Thanks for this feedback, it's very useful to see what people are doing and what issues are encountered.

  • _update_weights() for spot_amp: Yeah, I think this part was changed back and forth and the current documentation (and code) maybe doesn't reflect the intended behavior. I'm adding the documentation tag to this issue. Also, our tests have been using spot_amp=None, which I think is an oversight. The intended behavior is:

    • The user feeds something to spot_amp= with some random units (not normalized).
    • Despite what the documentation claims (that spot_amp is automatically normalized), we want to keep the same units such that the user can easily modify this (still always numpy) list if desired and then have the optimization change towards these values.
    • You're right, that Hologram.update_weights_generic() is fed an unnormalized target, but the end of this function normalizes the weights (see here), so I think it still works out.
  • Optimization divergence: We have noticed in some cases that image holograms (FeedbackHologram) diverge at certain points under some power values or levels of feedback. We're in the process of improving this. However, we have never found a similar issue for SpotHologram in our use-cases with the current code. SpotHologram has always been robust in our tests. I suggest the following:

    • Is your settle_time_s long enough for your SLM? If the SLM is not allowed enough time to settle, then you'll be measuring the previous result for the phase pattern from the previous iteration. This can lead to unstable optimization. I think the current default is settle_time_s=0 on main, but maybe we should restore the settle_time_s=0.3 default which we previously used as good for most SLMs.

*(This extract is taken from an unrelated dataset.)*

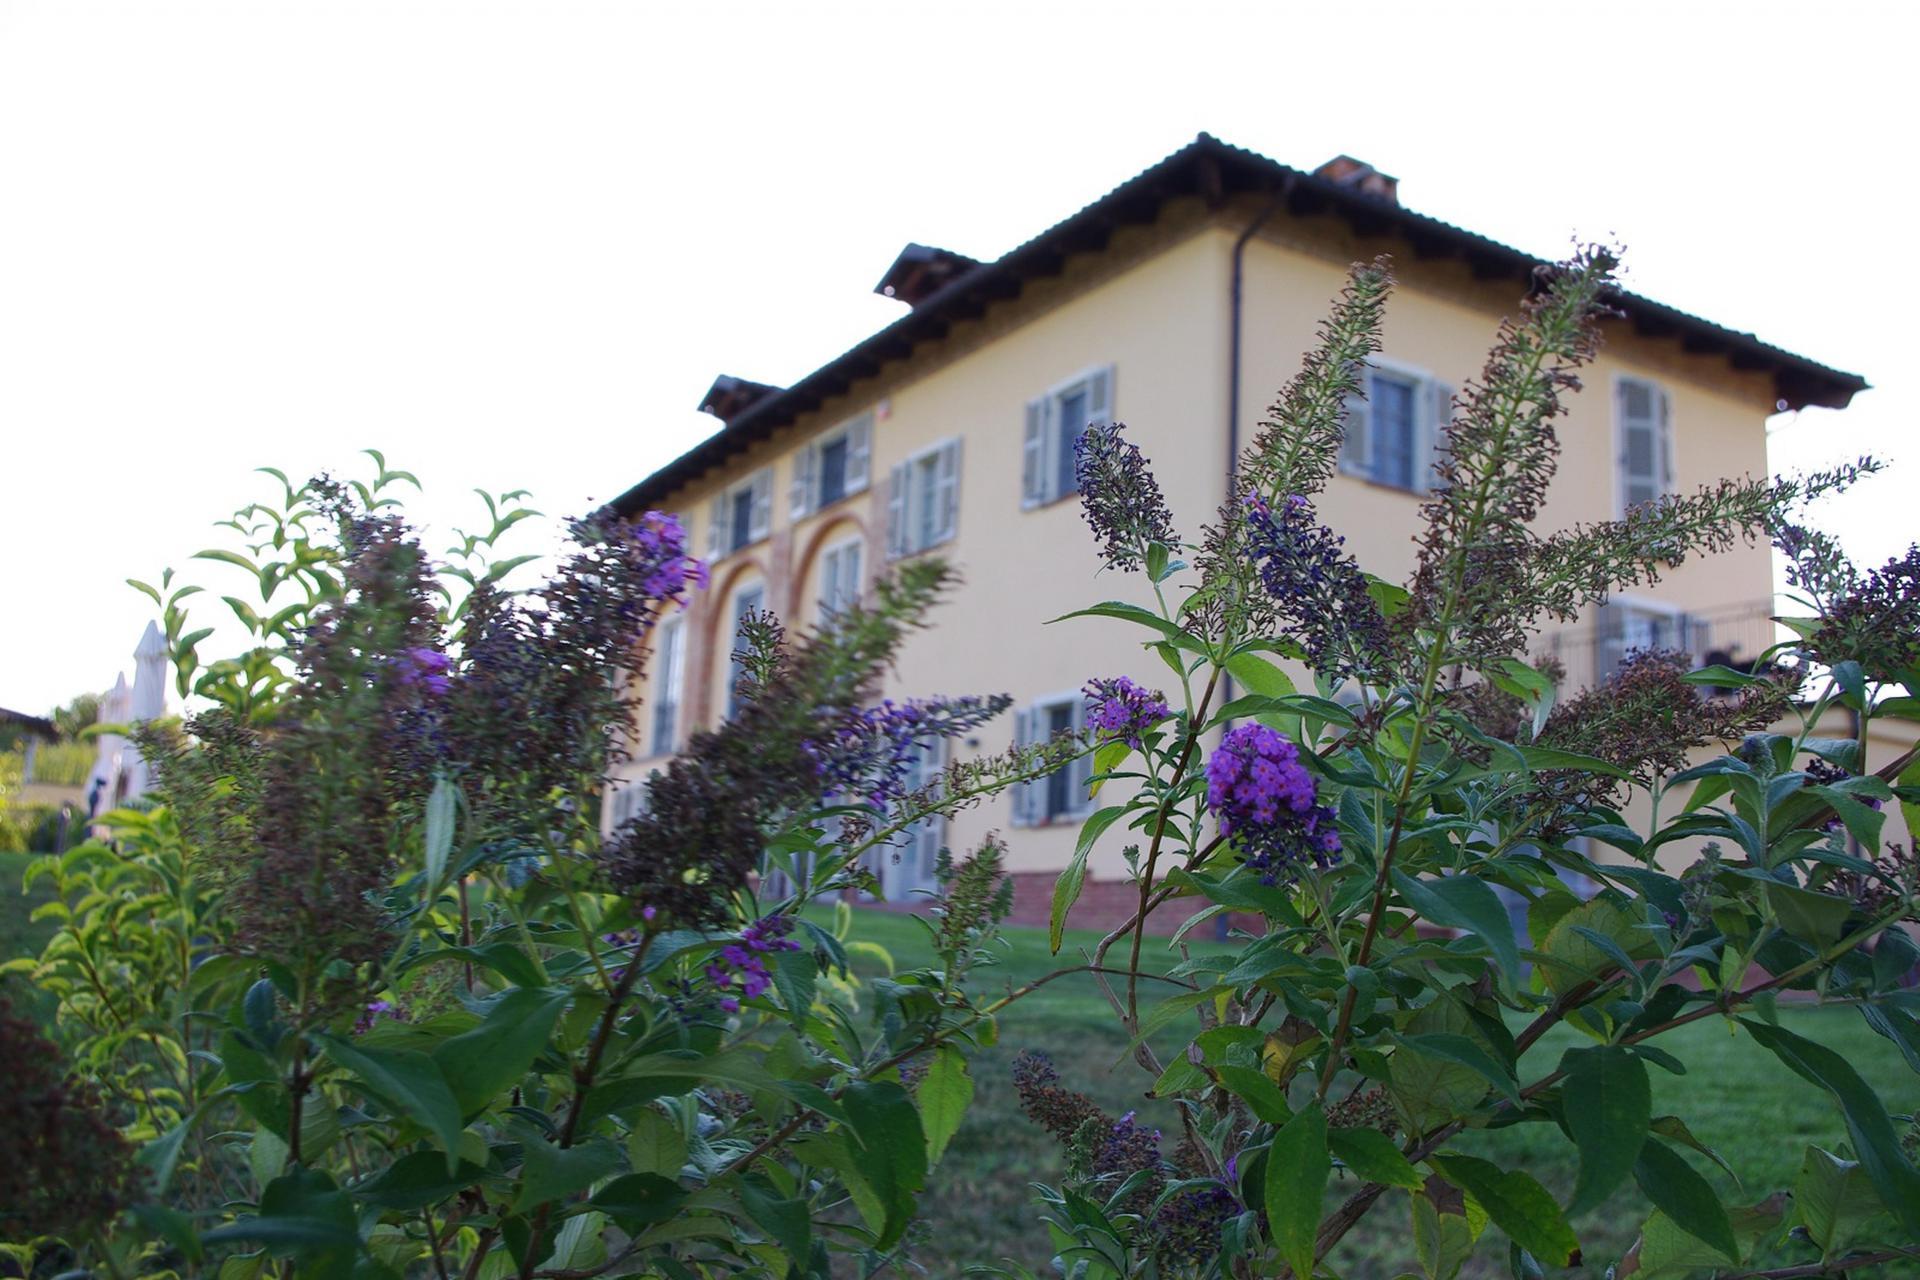 Agriturismo Piemont Agriturismo Piemont, romantisch in den Hügeln gelegen
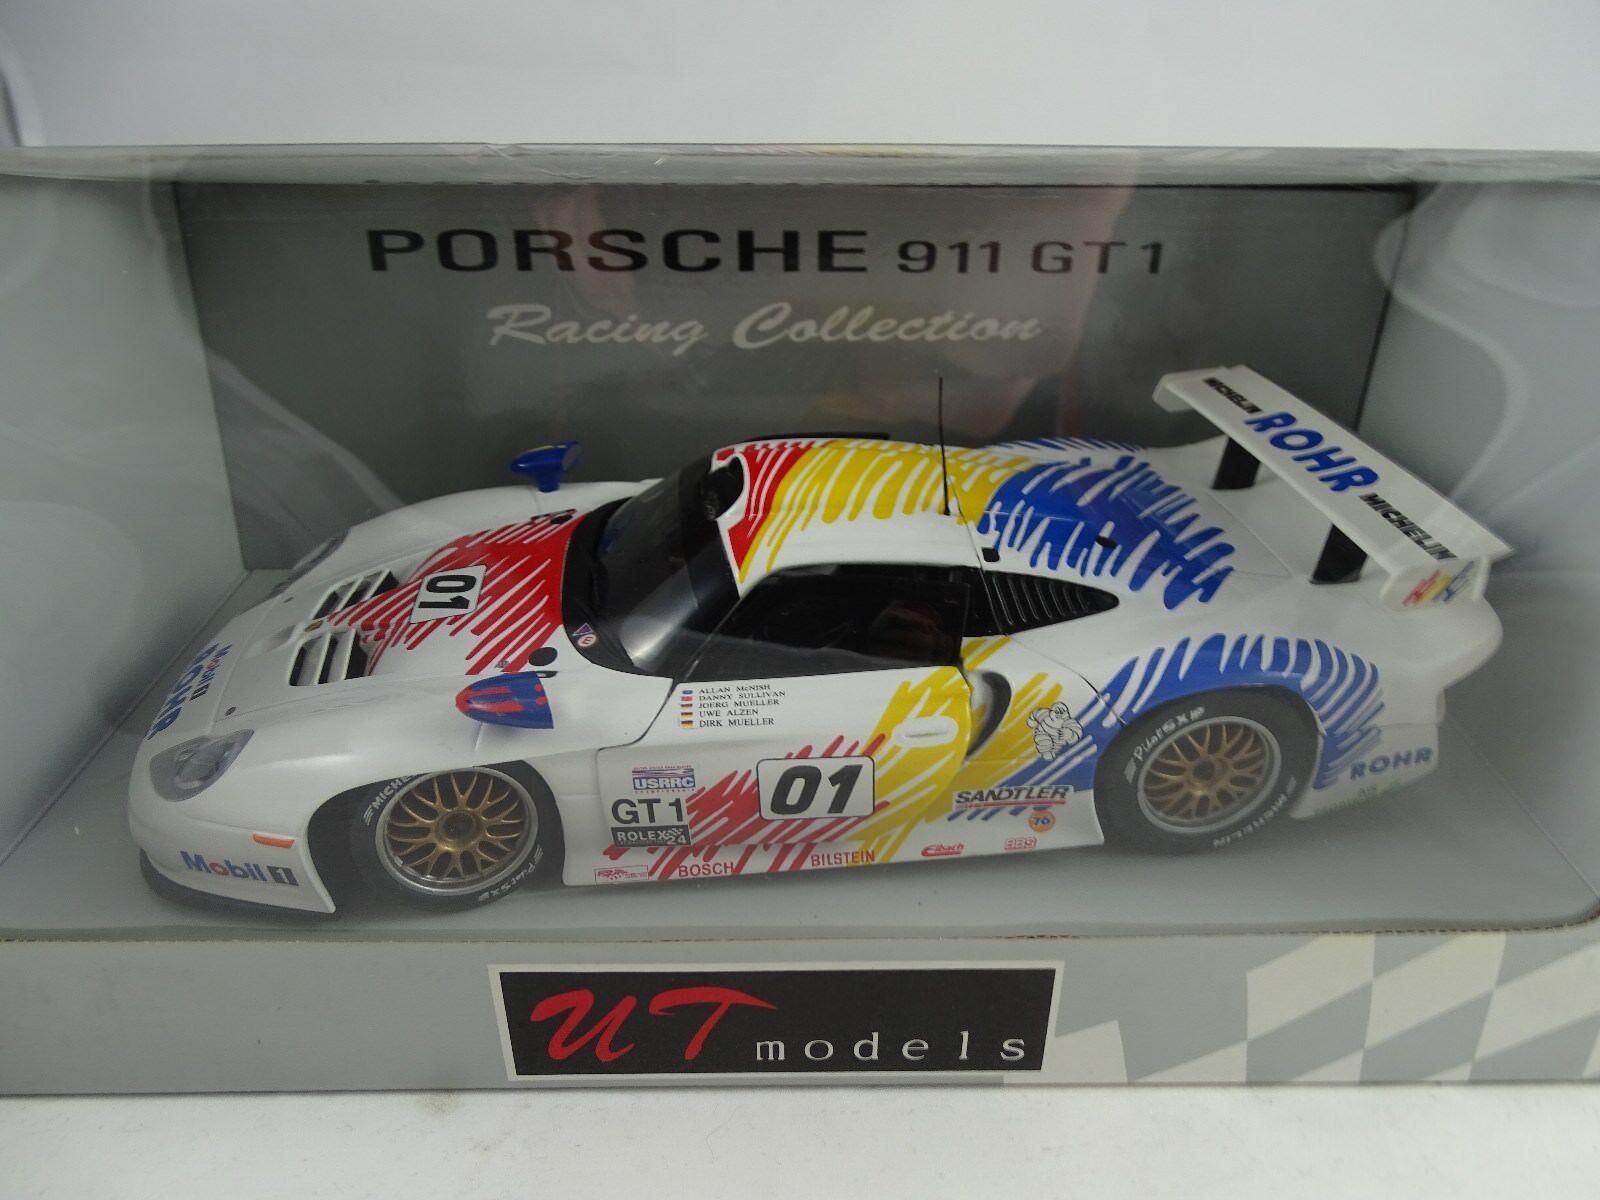 1 18 AUTOart   UT   39611 Porsche 911 GT1 Daytona Rohr MotorSport  1  RARITÄT §

The user should determine the settle_time_s based on their application. Higher precision holograms require longer time (i.e. longer than 1/e). There should be more documentation regarding this, so more reason to add a documentation tag.
    • What camera are you using? It's possible that .flush() (which is intended to avoid old frames and thus outdated feedback) is not working as desired for your camera.
    • If the above doesn't work, could you send us the code snippet that generates the spot pattern of interest? I could imagine certain patterns which are "hard" for WGS to generate, and it might be useful for us to debug. I'm adding the bug tag in lieu of this.

Thanks again for this feedback!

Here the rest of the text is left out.